3 tablespoons plus 1/4 cup extra virgin olive oil, divided
1 1/2 cup thinly sliced fennel bulb (reserve fronds for garnish if desired)
2 cups all purpose flour
1 tablespoon granulated sugar
1 tablespoon baking powder
1 1/2 teaspoons salt
1/2 teaspoon freshly ground black pepper
1 1/3 cups buttermilk
Zest of one lemon
3 large eggs, at room temperature
8 pitted calamata olives, sliced in half
10 red grapes, sliced in half
1 teaspoon dried Italian seasoning
Additional salt & pepper to taste
Preheat oven to 375. Place 3 tablespoons olive oil sliced fennel in a medium cast iron Dutch oven or seasoned cast iron pan over medium high heat. Season with salt and pepper to taste. Cook until fennel is soft but not browned, about five minutes, stirring occasionally. Remove pan from heat. Brush some of the oil from the bottom of the pan on to the sides of the lower half of the pan.
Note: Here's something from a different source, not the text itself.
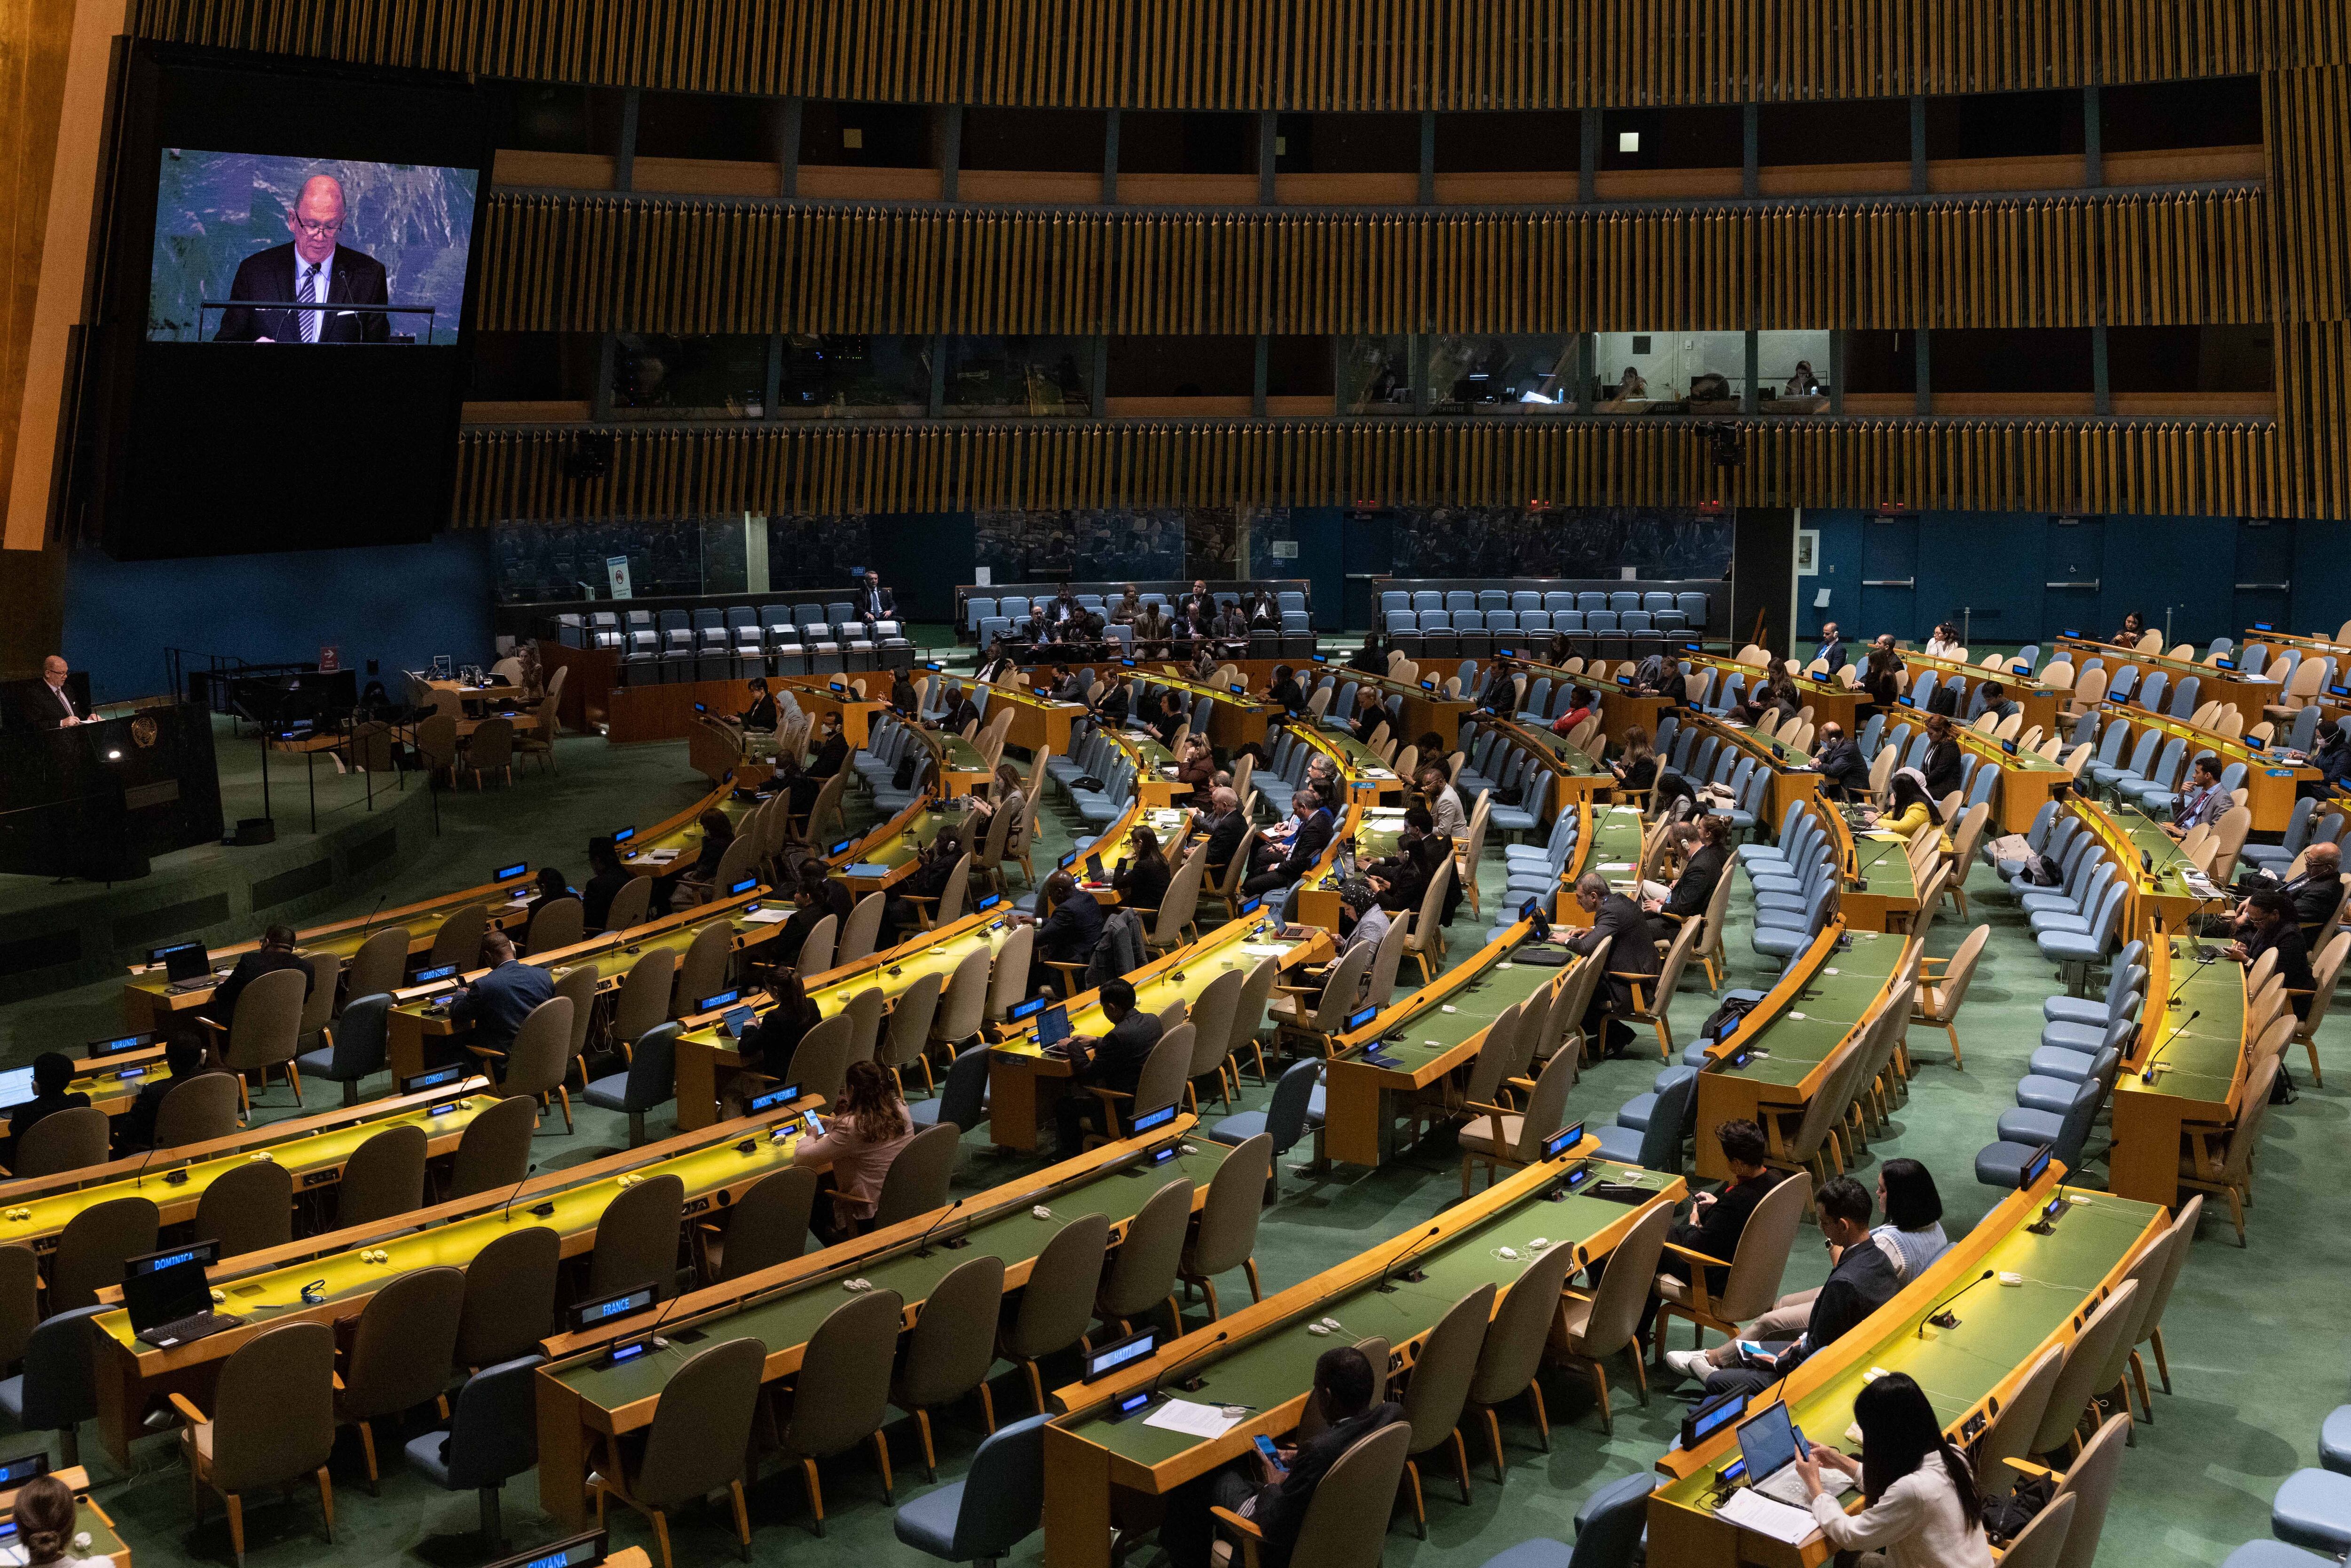 A general view shows a United Nations General Assembly meeting regarding the commercial and financial embargo imposed by the United States against Cuba, at the United Nations headquarters in New York City on November 2, 2022. (Photo by Yuki IWAMURA / AFP)

In the meantime, in a medium bowl, whisk together flour, sugar, baking powder, dried thyme, salt and pepper and set aside.
In a large bowl, whisk together buttermilk, remaining 1/4 cup oil, lemon zest and eggs until well combined and set aside.
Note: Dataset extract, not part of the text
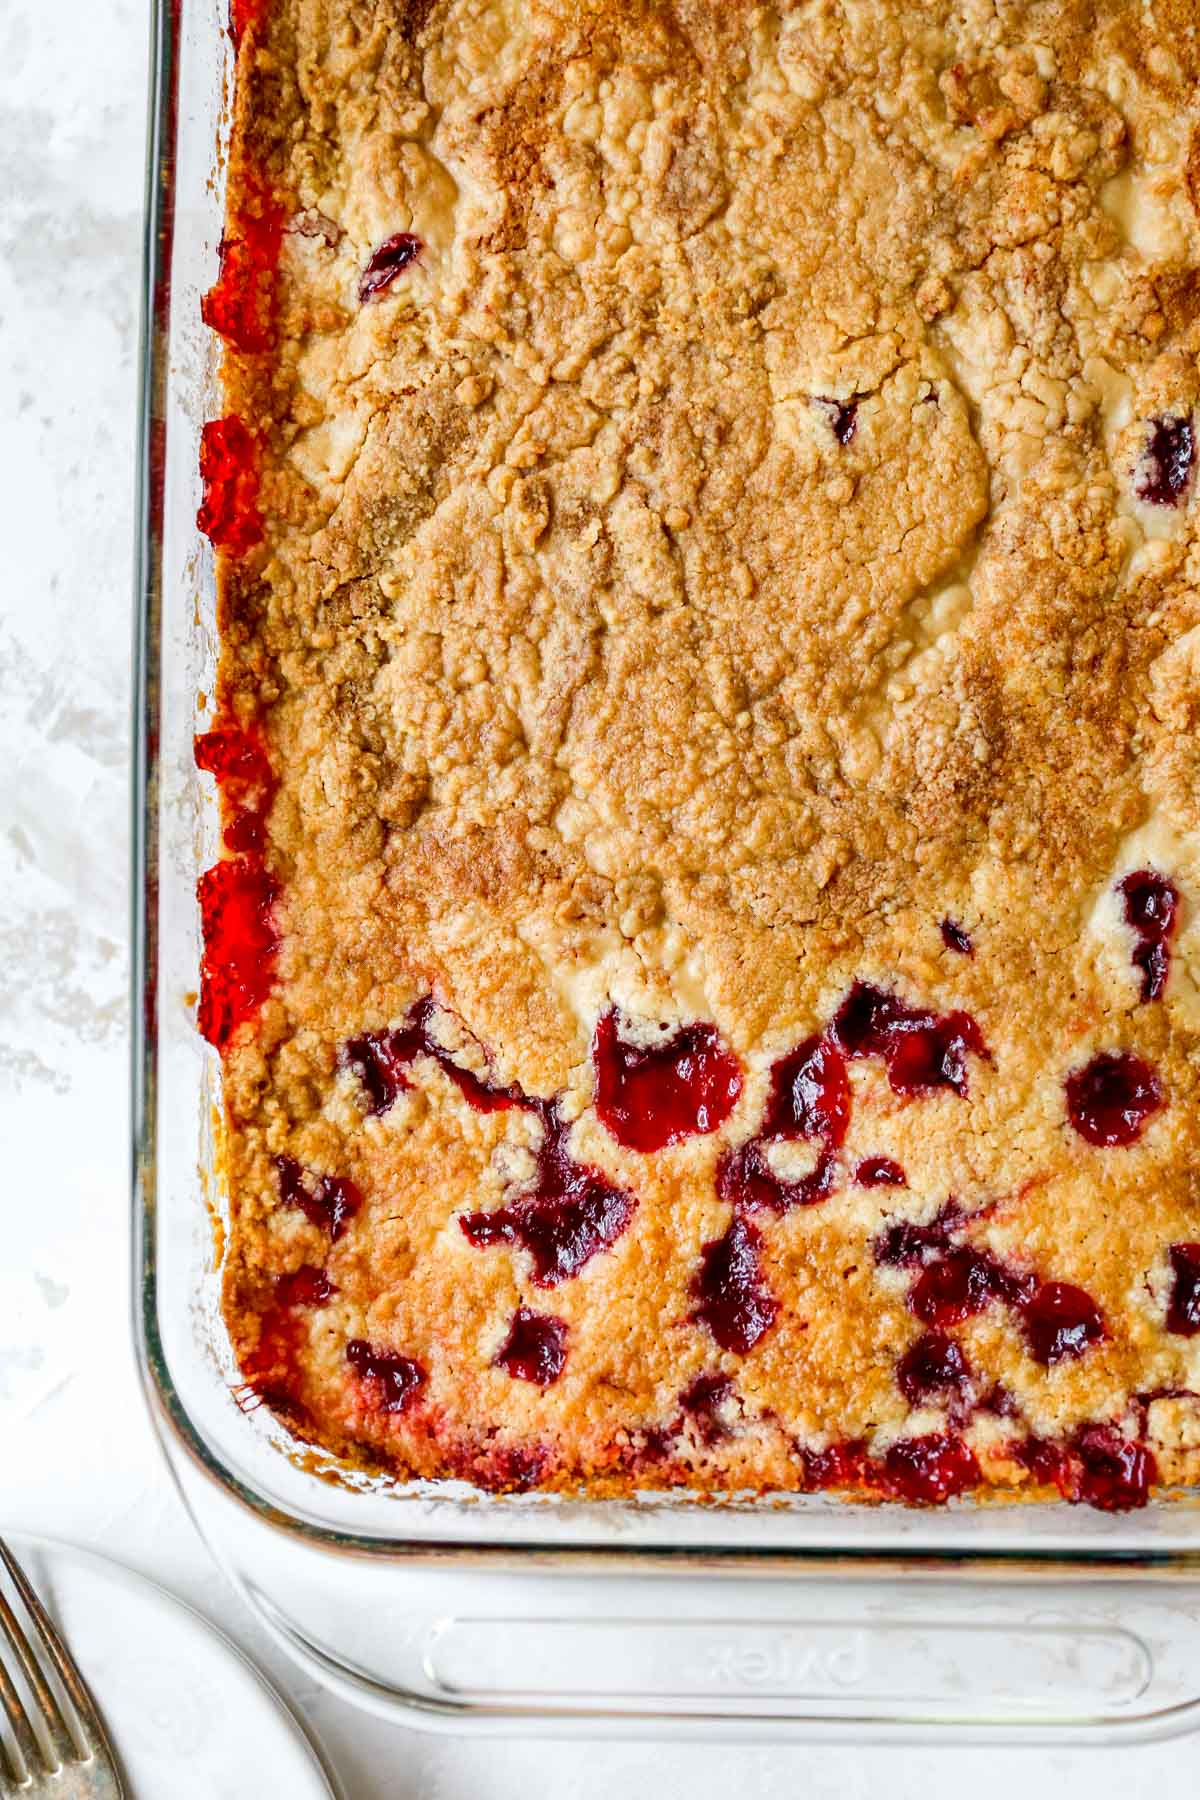 Baked cherry cobbler in a glass baking dish.

When the fennel is soft, carefully place the halved olives and grapes, cut side down, in to the pan with the fennel and sprinkle the Italian Seasoning over the vegetables. Do not mix.
Combine the dry ingredients with the wet and stir until just combined. Pour batter in to pan and spread to cover. Bake for 22-25 minutes until a wooden skewer inserted into the center of the bread comes out clean.
Allow to rest in pan for a few minutes and run a knife around the edge of the pan to loosen the bread. Turn out on to serving platter or cutting board to serve and garnish with fennel fronds.